June 7, 2002
Purdue materials engineer wins Navy awardWEST LAFAYETTE, Ind. Matthew Krane, an assistant professor of materials engineering at Purdue University, has won a Young Investigator Award from the Office of Naval Research for his work aimed at reducing defects in alloys used in jet engines. Krane was one of 26 researchers out of 260 applicants nationwide to receive the award.
He will use the three-year, $370,000 grant for research to develop mathematical models that may ultimately result in tools for industry to prevent defects in high-performance alloys critical for gas turbine engines. Defects form in the nickel "superalloys" as they solidify into ingots in a process called electroslag remelting.
Not all of the alloy's components solidify at the same rate. As some elements solidify faster than others, it can result in regions within a solid ingot that are more brittle than other regions. These brittle portions of the alloy cause the metal to crack and fail under conditions of high stress when it is being mechanically formed into parts for jet engines.

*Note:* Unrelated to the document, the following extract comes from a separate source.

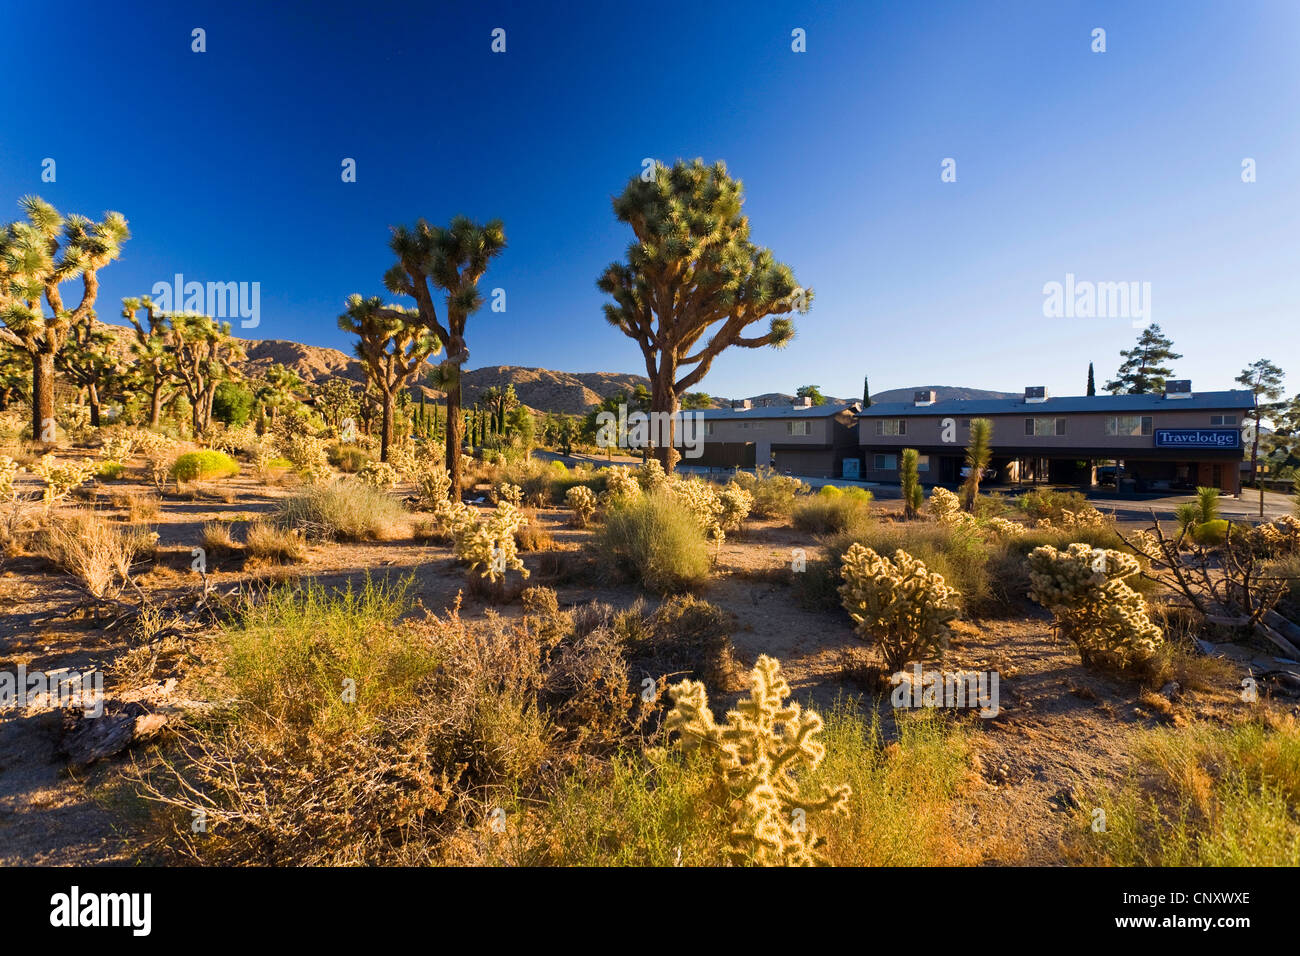 Joshua tree (Yucca brevifolia), con altri cactus accanto a un motel, Stati Uniti, California, Mojave, Travelodge Yucca Valley Foto Stock

The larger the ingot, the greater the likelihood of defects. Because using larger ingots to make engine parts reduces the overall production costs, manufacturers are trying to prevent the formation of defects in solidifying alloys.
"The Navy is interested in making less expensive, more reliable gas turbine engines for aerospace applications," Krane said.
His research team will develop mathematical models based on data from industry.
"If we can predict the processing conditions under which defects form, then we have a tool for preventing these defects," he said. "Once we can do that with some reliability, we will be able to advise companies on ways to speed up the manufacturing process and make ingots with larger diameters without defects."